Lorsque deux attitudes contradictoires coexistent en nous, nous sommes victimes d’un clivage, au sens psychanalytique du terme. Nous sommes tiraillés entre deux rapports contradictoires au réel : l’un tient compte de la réalité, l’autre la dénie. En matière de religion, nous sommes servis : les possibilités ne manquent pas d’être tiraillés entre ce que nous pensons devoir croire et ce que nous éprouvons effectivement. Non seulement nous constatons que les miracles de Jésus ne fonctionnent pas tels quels dans la vie quotidienne, mais Dieu ne nous parle pas de la même manière qu’il parle aux personnages bibliques, nous ne pouvons pas boire de poison sans dommage comme nous y invite la fin de l’évangile selon Marc, etc. La religion chrétienne peut être source de clivage par l’écart qu’il y a entre ce que les textes bibliques disent, selon une lecture littérale, et ce que nous constatons au jour le jour. À cela nous pouvons ajouter les méfaits d’éléments de la tradition qui vont, eux aussi, à l’encontre de nos expériences personnelles (du pain qui changerait de nature, le premier récit de la Genèse qui serait un récit scientifique de la fabrication du monde, Moïse qui serait l’auteur des cinq premiers livres bibliques, Jésus qui, d’après les reliques, aurait eu prépuce de plusieurs mètres ou de quoi construire des dizaines de bateaux avec tous les morceaux de la croix, un homme qui aurait écrit la stricte parole de Dieu sous sa dictée, la Bible qui serait le seul endroit où le divin s’exprime…).
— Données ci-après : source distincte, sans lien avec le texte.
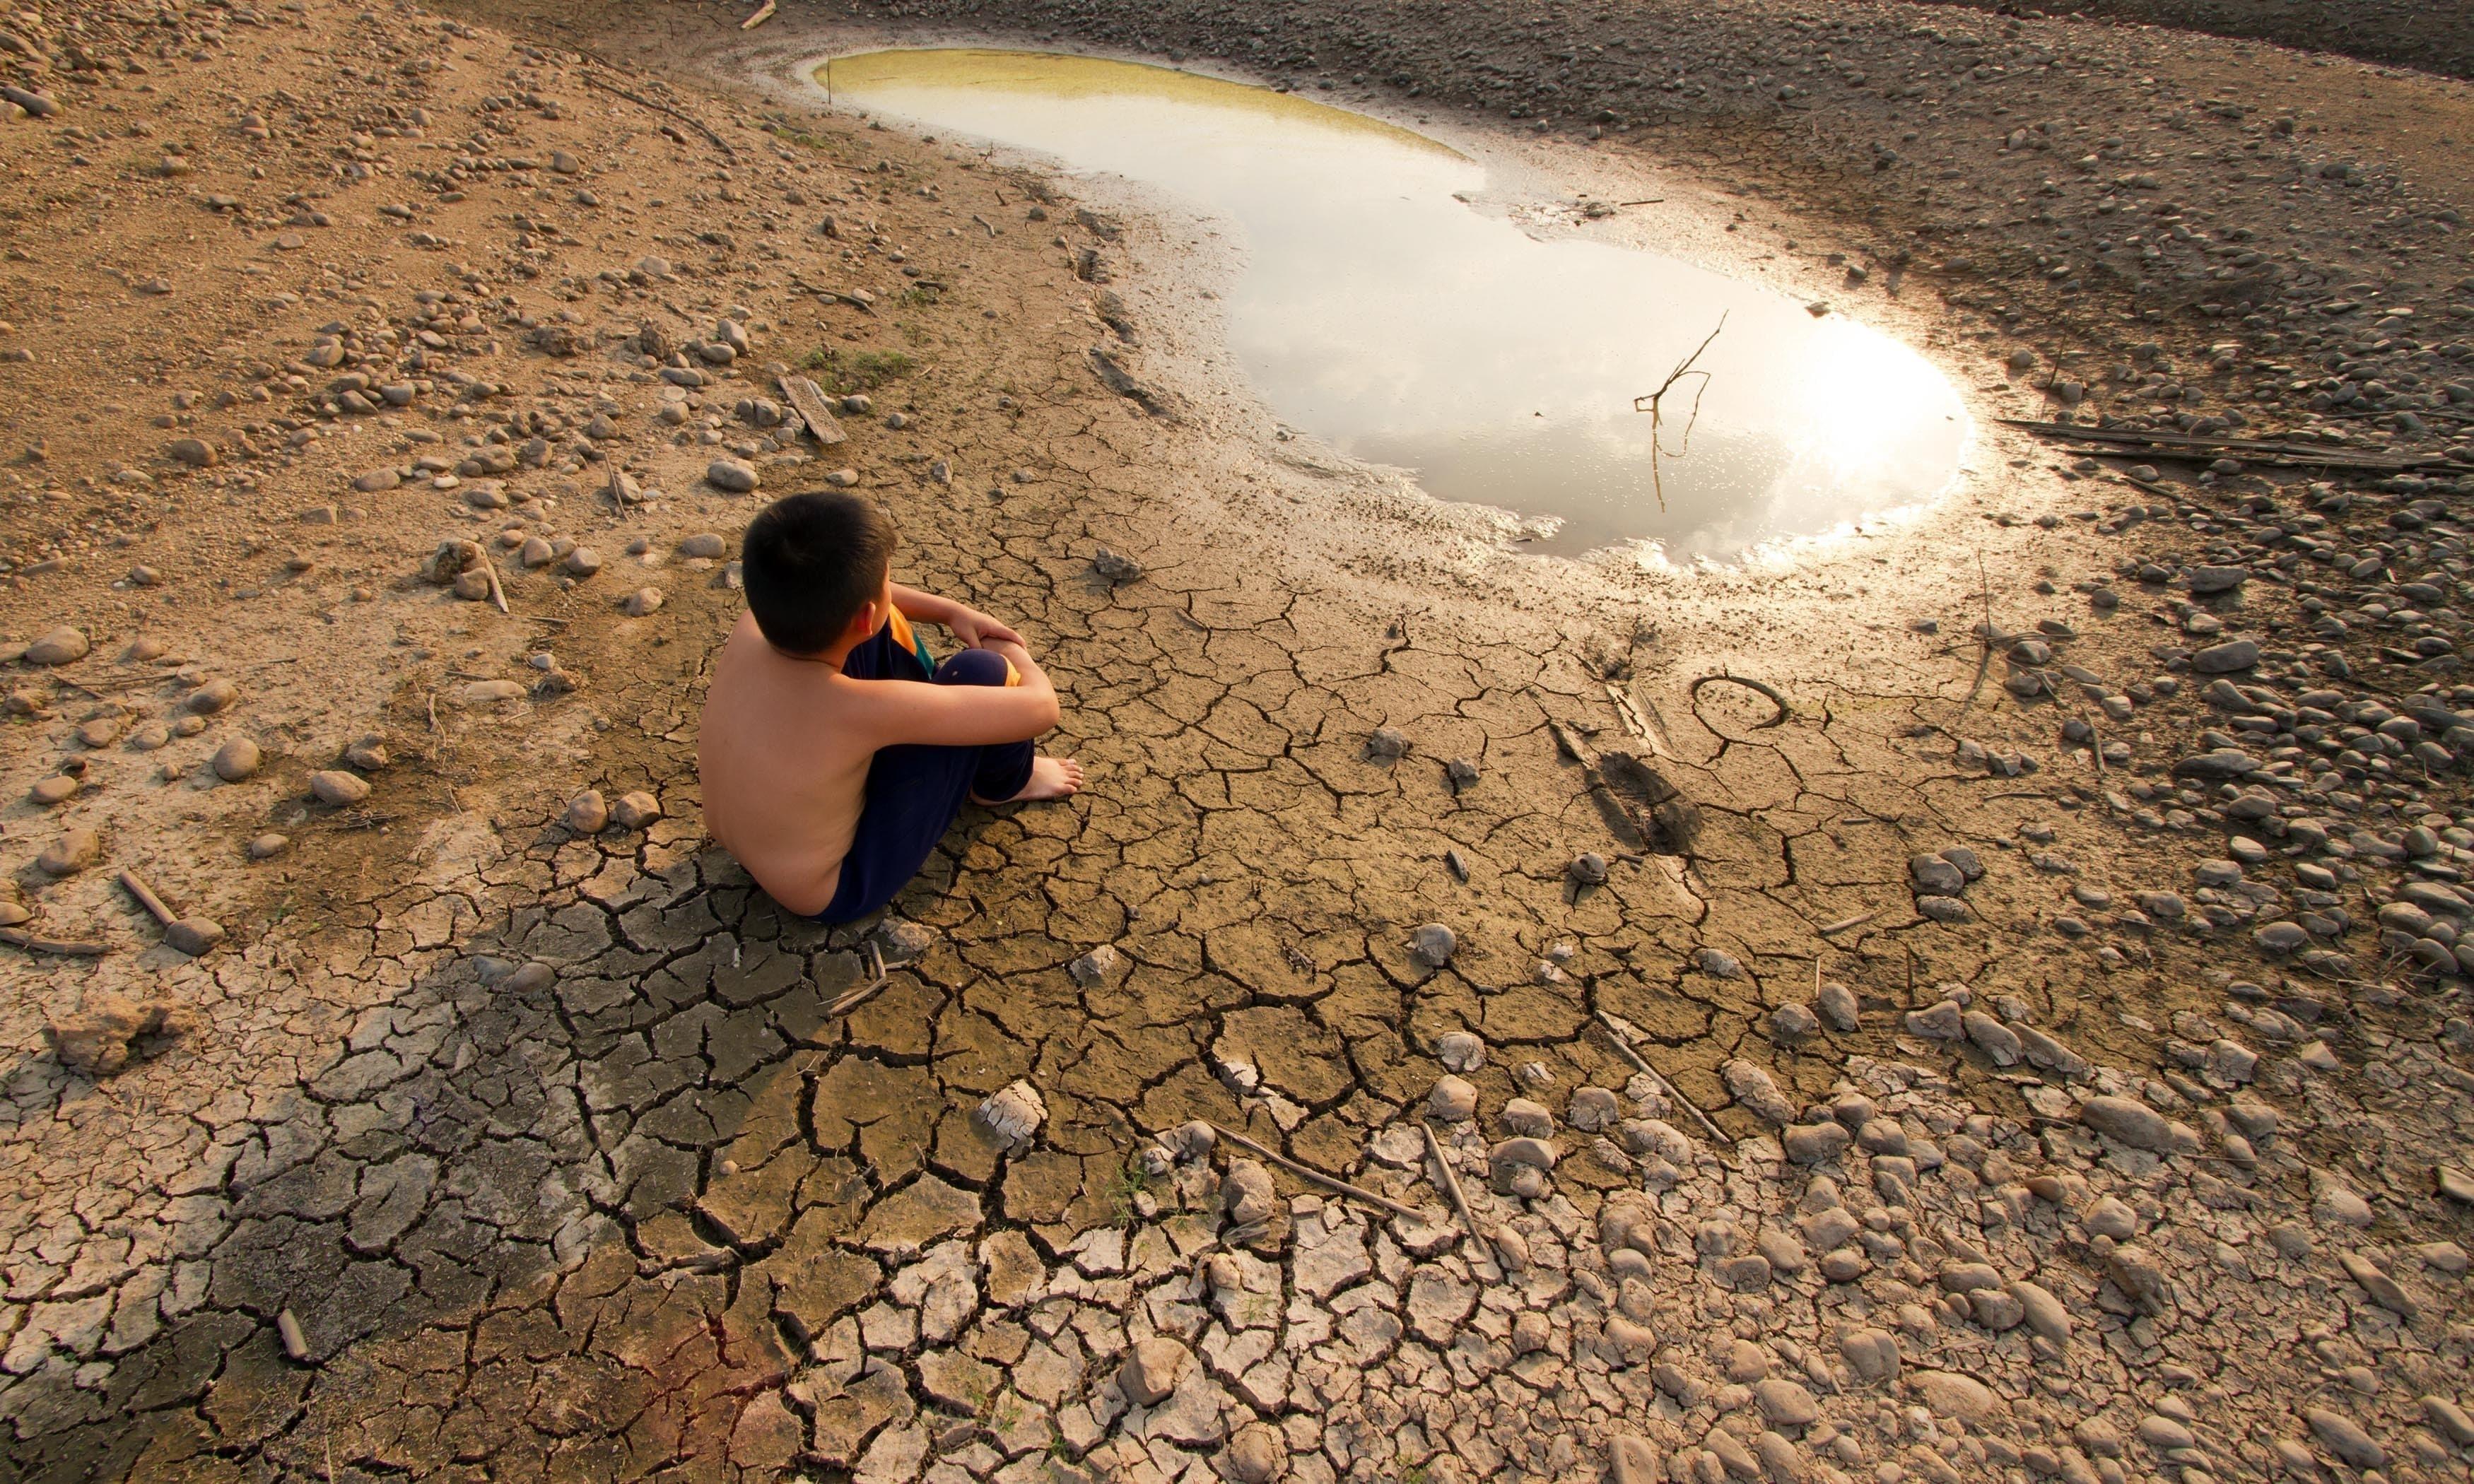 فروری، 6 دہائیوں کا تیسرا خشک ترین مہینہ قرار

Ces clivages s’installent d’autant plus que personne n’ose briser le silence complice qui unit ceux qui transmettent ces aspects sans s’interroger à leur sujet. Personne n’y croit, mais tout le monde joue un rôle auquel il pense devoir être fidèle : le pasteur ne dit pas ce qu’il pense, il ne partage pas le fruit de ses réflexions, de ses études, mais ce qu’il imagine être attendu de ses paroissiens. Quant aux paroissiens, ils se glissent dans le costume prêt à porter du chrétien qui, c’est ce qu’ils imaginent, n’est chrétien qu’à la condition de tenir pour vraie une série d’affirmations parmi lesquelles celles que nous avons relevées comme peu crédibles. Ce qui est préjudiciable, c’est ce clivage qui gagne les individus : comment concilier en soi deux attitudes inconciliables, sinon par la formule magique « il est grand le mystère de la foi » qui s’écroulera le moment venu, lorsque le noyau dur de notre foi, ce à quoi nous sommes vraiment attachés, sera radicalement contredit ? Le clivage est strictement diabolique. Il sépare ce qui devrait être uni, il divise l’homme qui devrait être un, et non un être fragmenté, incapable de tenir ensemble les différents aspects de sa vie. Quand la religion génère de tels clivages, elle contrevient à sa vocation qui est de permettre l’unité de la personne par des symboles.

Jusque là, j’ai évoqué des situations malheureuses qui tiennent surtout à un déficit de pensée. Il est des situations où l’attitude du pasteur conduit à une prise de pouvoir sur le paroissien. Cela arrive lorsque le pasteur s’arroge un droit sur celui qui vient à lui : le droit d’accueillir ou non, le droit de bénir ou non, le droit d’enseigner ou non et, pire que tout, l’appropriation de la personne, lorsque le désir du pasteur l’emporte sur le réel et sur le droit du paroissien, lorsque les décisions du pasteur sont dictées par son clivage personnel et qu’il cherche à préserver l’institution contre ce qui est en fait le réel. Ce faisant il ne sert ni l’institution ni l’Évangile qui, lui, nous libère de nos cliv ages.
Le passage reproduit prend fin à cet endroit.